Seis décadas de economia brasileira
“Completo 62 anos como economista da Associação Comercial de São Paulo (ACSP), onde iniciei no dia 11 de setembro de 1963, no Instituto de Economia Gastão Vidigal”

Foram seis décadas nas quais trabalhei com 14 presidentes da ACSP, aos quais servi sempre com lealdade e dedicação, conseguindo o respeito de todos, o que muito me orgulha. Nesse período, convivi com centenas de diretores, conselheiros e empresários em geral, não apenas na ACSP, como nas demais associações e em grande número de entidades empresariais. Não posso deixar de mencionar a importância de dezenas de companheiros de trabalho, com os quais sempre convivi em clima de igualdade e cordialidade, o que permitiu formar uma grande legião de amigos.

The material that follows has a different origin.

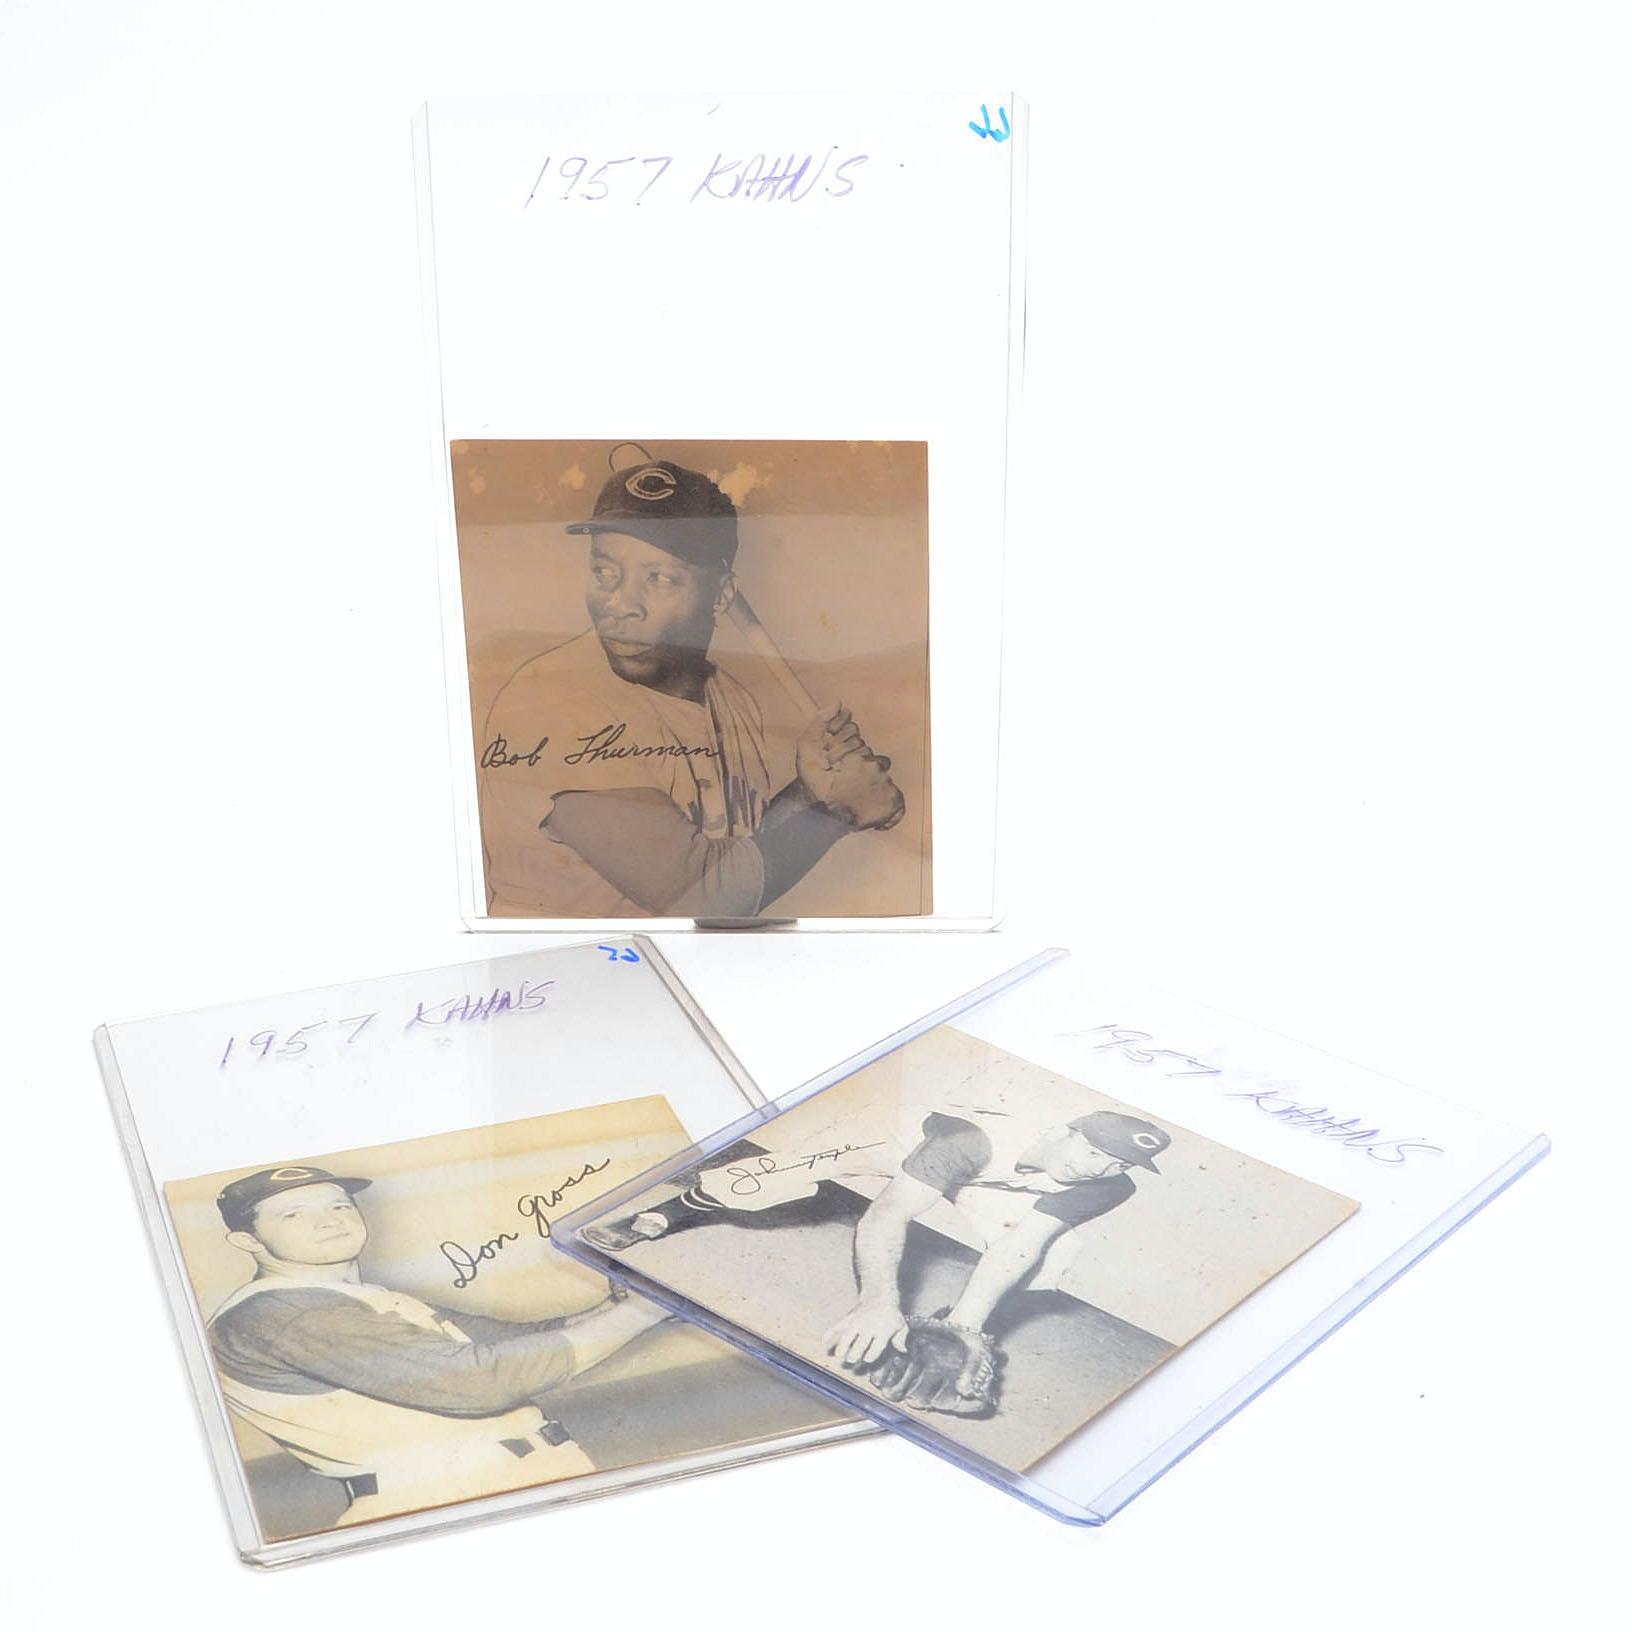 1957 Temple, Thurman, and Gross 1957 Kahn's Reds Cards

De outro lado, nessas seis décadas, o Brasil viveu períodos de crescimento e muitas crises. Graças ao posto privilegiado de observação que a ACSP representa, procurei ajudar os empresários a entender muitas das medidas e dos acontecimentos e, também, registrar as posições dos empresários em artigos, especialmente, mas não só, para o Diário do Comércio.
A Bibliotecária da Associação, com o uso da IA, já catalogou 1.090 artigos que publiquei no DC no período de 1965 até 2018, o que representa apenas uma parcela do que escrevi, pois não inclui o que foi publicado em outros jornais e em revistas nesse período. De qualquer forma, o que já foi levantado constitui um repositório bastante importante dos acontecimentos do período, analisados do ponto de vista dos empresários, agentes efetivos do desenvolvimento.

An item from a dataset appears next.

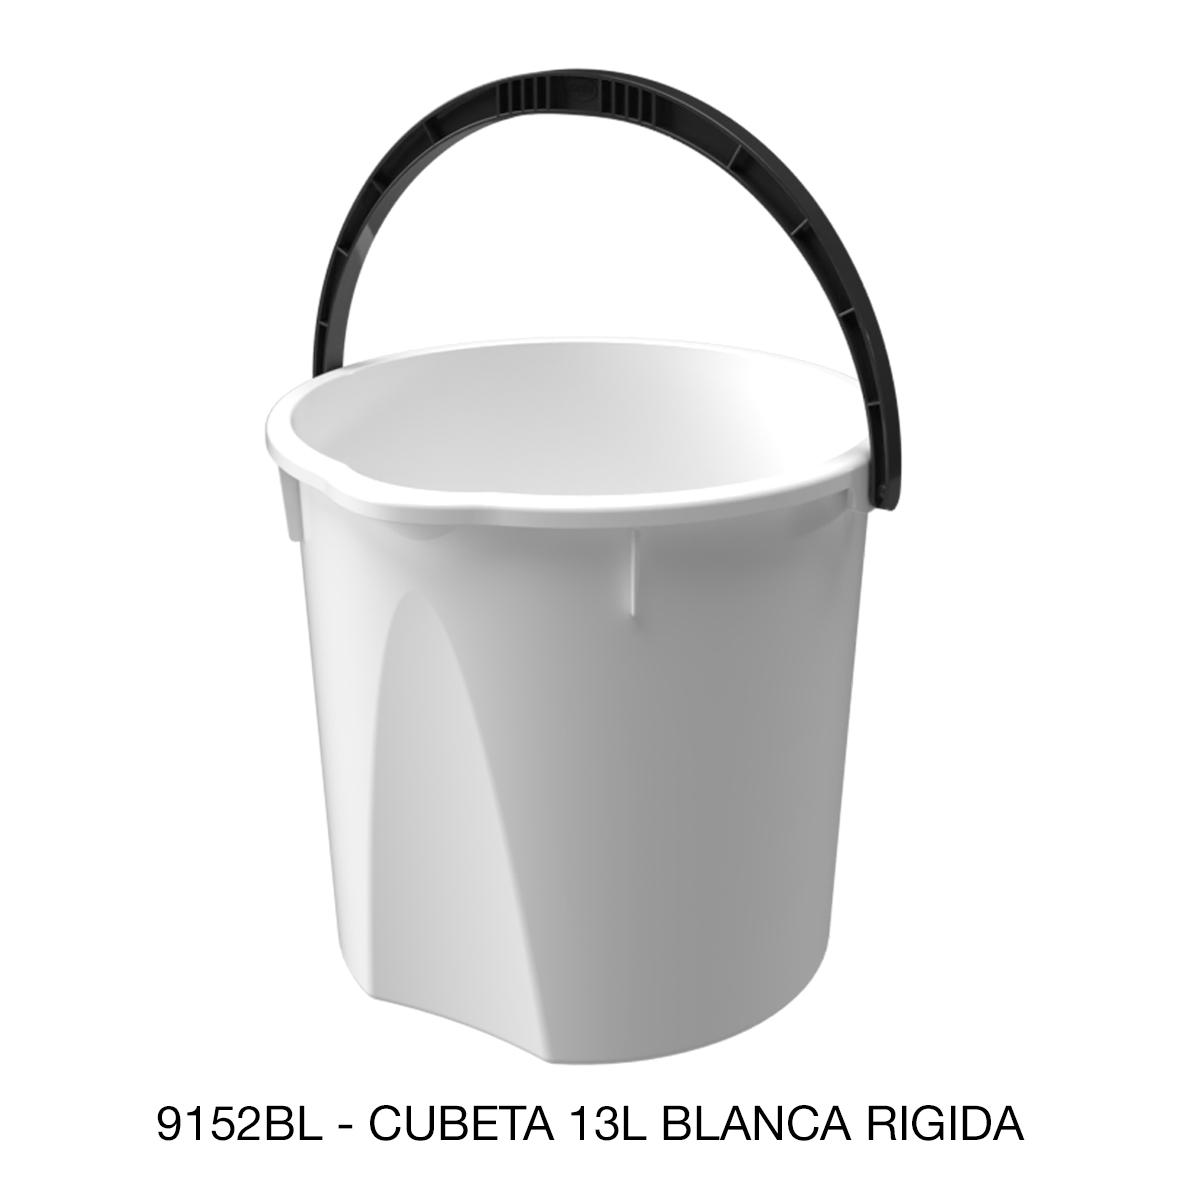 Cubeta rígida de 13 litros color blanco modelo 9152BL de Sablón

Convivemos com três Constituições. A primeira, de 1946, incorporava o espírito liberal do pós-guerra; na segunda, outorgada durante a Constituinte que lhe deu origem, a ACSP esteve bastante envolvida, pois além da defesa de seus princípios, contava com um ex-presidente seu, Guilherme Afif Domingos, como deputado. A luta maior durante a Constituinte foi no sentido de tentar impedir que o texto fosse ainda mais detalhista e dirigista. O ponto positivo que conseguimos foi a aprovação do artigo 179, proposta de Afif, que instituiu o “tratamento diferenciado para as pequenas e médias empresas”, que permitiu a criação do Simples Nacional, hoje ameaçado pela gula fiscal. No momento, o que se necessitaria seria uma ampla emenda no texto constitucional para adaptá-lo aos desafios presentes, ao invés do seu total desrespeito por parte dos que deveriam ser seus guardiões.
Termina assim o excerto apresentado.